Investors love to worry, and who could blame them these days? Intensified volatility continues to harass even some of the more astute market players. Investors are afflicted in these uncertain times with a common malady: Obsessive impatience. The question always boils down to what to do -- now. Good things must happen fast: global economic recovery, employment rebound and a soaring Dow.
"Too much is expected too soon in terms of the economy," notes George Brooks in his Brooksie's Daily Stock Market blog. Just 18 months ago, the economy and markets were on the brink of collapse. "A slow recovery is the most that could be expected," he argues. As for jobs, Brooks asks what CEO is going to hire even one person if he doesn't need any workers? Indeed, companies flush with hard cash continue to refuse to do any hiring. They prefer to stay liquid and continue posting high margins and huge profits. Self-preservation or sheer selfishness?
The view would look surprisingly brighter if investors would reset their focus. Instead of embracing what the voices of doom are proclaiming -- a double-dip recession and the demise of stocks -- check on how equity prices continue to edge higher in spite of all the seemingly bad news. Accentuate the pluses, such as the steadily rising, higher-than- expected corporate profits, without which a recovery can't materialize.
Two Sides of the Equation
Sure, the news last week was hardly comforting. July's unemployment is still unyielding at 9.5%, as corporate hiring remains anemic. The intractable high level of joblessness has been the bane of the market, with investors equating it with a blockage to any economic recovery. And some doomsayers insist that the housing slump is another albatross weighing down any chance of a turnaround.
Look at the other side of the equation, however. Despite the fearsome headlines, the Dow Jones industrial average last week advanced 1.8%, to 10,653.46, the Standard & Poor's 500-stock index also gained 1.8%, to 1,121.64, and the Nasdaq rose.1.5%, to 2,288.47. To put these numbers in perspective, note that in the past 12 months the Dow climbed 13.7%, the S&P 500 rose 11% and the Nasdaq composite gained 14.41%.
A big factor is the bright picture in Corporate America, believe it or not. Some 76% of companies that have reported second-quarter results so far showed positive earnings surprises, and 62% reported upside revenue surprises. Second-quarter profits reported by 413 companies so far advanced 28.8% year over year, and revenues rose 9.7%, better than the 8.8% that analysts expected, according to Yardeni Research. This marks the S&P's sixth straight quarter of positive earnings surprises following six negative quarters in a row through the fourth quarter of 2008, notes Yardeni.
Trading Volume Will Return
The continued upticks in the stock indexes were achieved despite what many observers described as a market where investors, particularly retail or individual investors, were "on strike," as reflected by the low daily trading volume. But the pivotal point is that the averages are up nonetheless.
Once investors get their bearings right, when the job numbers improve and housing sales and starts rise again, they'll rush for the buy button, and the volume that everybody is wishing for will come bouncing back. Individual investors are usually late for the party because they aren't equipped with the tools that the big guys -- primarily the institutional investors and high-tech, computer-driven traders -- employ.
So, is the market's trek to higher ground sustainable? Call it your usual summer rally, or the effect of the old Wall Street market dictum -- the market "climbs a wall of worry." Investors have lots of worries to surmount. But invariably, whenever market indexes appear to be plunging to their lowest depths (as they did during the financial crisis), intrepid investors come out and scoop up stocks. They are not just plain contrarians. They're the gutsy but disciplined long-term investors who look way beyond the negativity of the daily headlines.
"Intense Mood Swings"
Indeed, the market will continue to confound investors who tend to concentrate on those dreary headlines. "The stock market has been exhibiting bipolar symptoms in recent months with intense mood swings from mania to depression and back," observes Ed Yardeni, president and chief investment strategist of Yardeni Research. All the market's commotion has generated lots of swings between bullish and bearish emotions, "leaving most investors exhausted," he notes.

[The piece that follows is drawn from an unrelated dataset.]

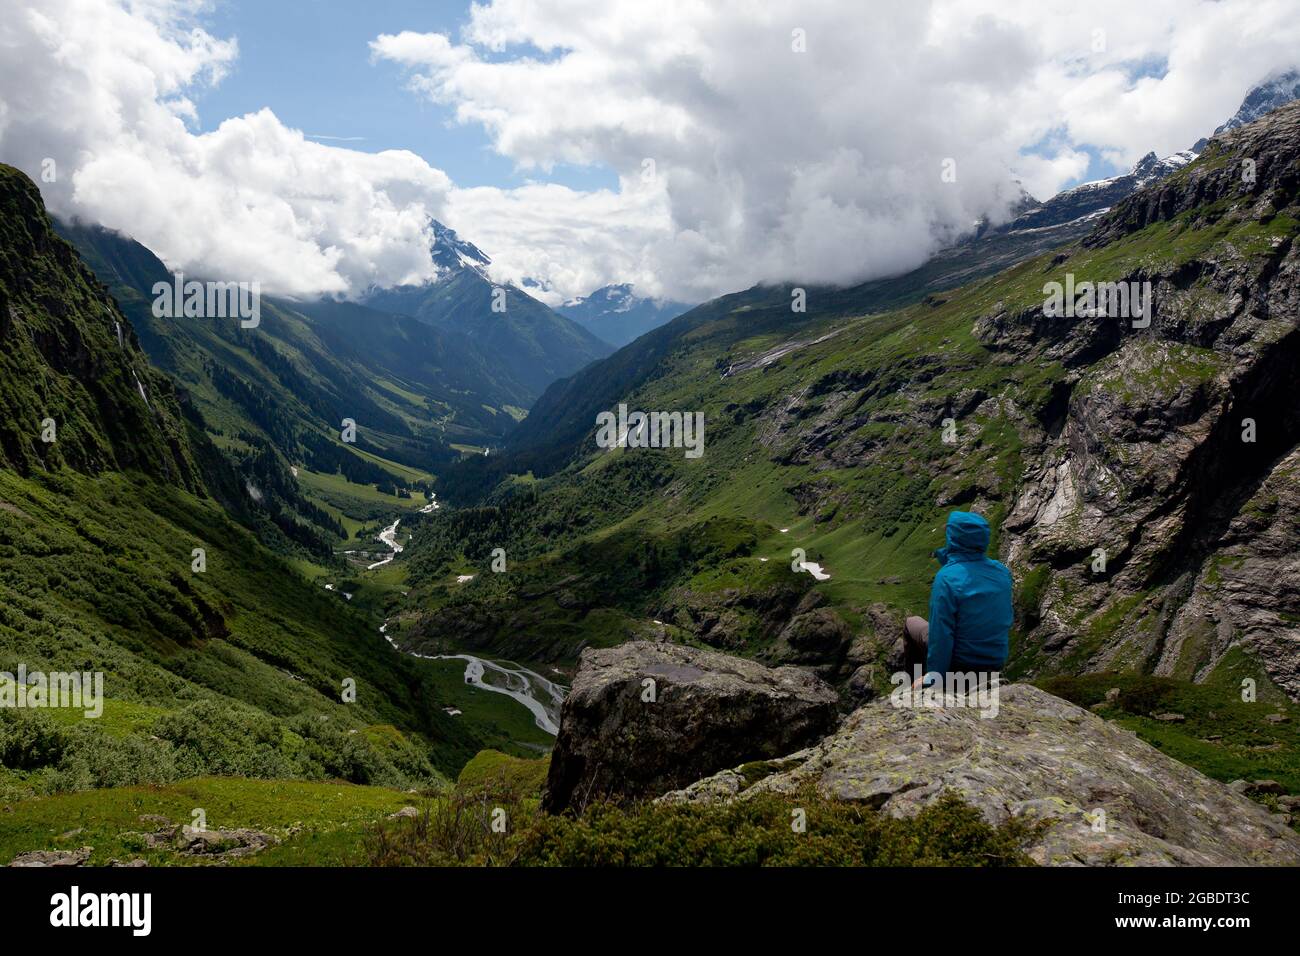 Valley Madraner uri schweiz Wanderjacke blau Stockfotografie - Alamy

Unfortunately, investors as well as market analysts and the news media have been focusing on the week-to-week -- if not day-to-day -- economic reports and have yet to look further out. "If investors who have been buying, if modestly, are on the money, expect the next leg of the bull market that started in March 2009 to get under way," says George Brooks.

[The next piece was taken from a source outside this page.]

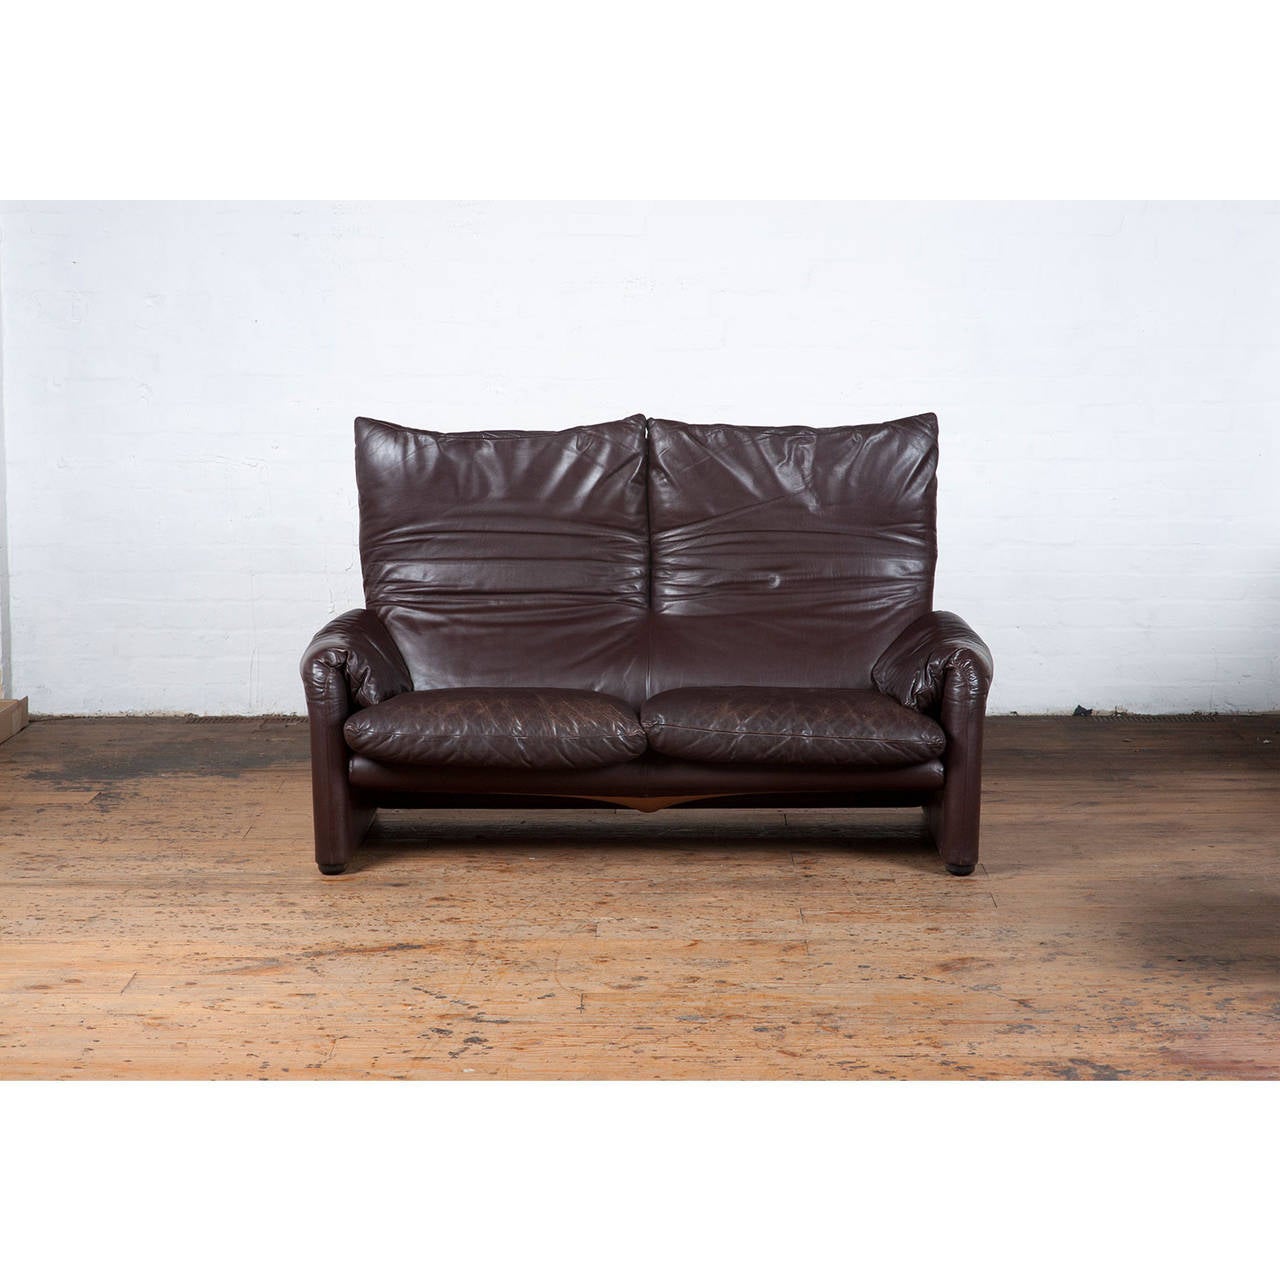 Italian 1970s 'Maralunga' Dark Brown Leather Sofa by Vico Magistretti for Cassina For Sale

Nonetheless, headwinds will continue to challenge the stock market, and investors will need to stay focused on the important improvements in the economy, including a vigorous recovery of the once-moribund auto industry and the quick return to profitability of the once desperate-for-a-bailout banking industry. And even the housing sector is showing signs of an upturn, as seen in the stirrings of some housing leaders' share prices, which hit lows in July but are rise, such as Toll Brothers (TOL) and D.H. Horton (DHI).
Investors should take a stand at this point about acting on the developing improvement in various sectors of the economy and avoid being distracted by short-term problems that government policymakers are now addressing. To those still unconvinced, Warren Buffett himself has expressed optimism about the path of the economic recovery. So don't get so fixated on the headlines that you get stuck on the sidelines when the recovery regains its legs.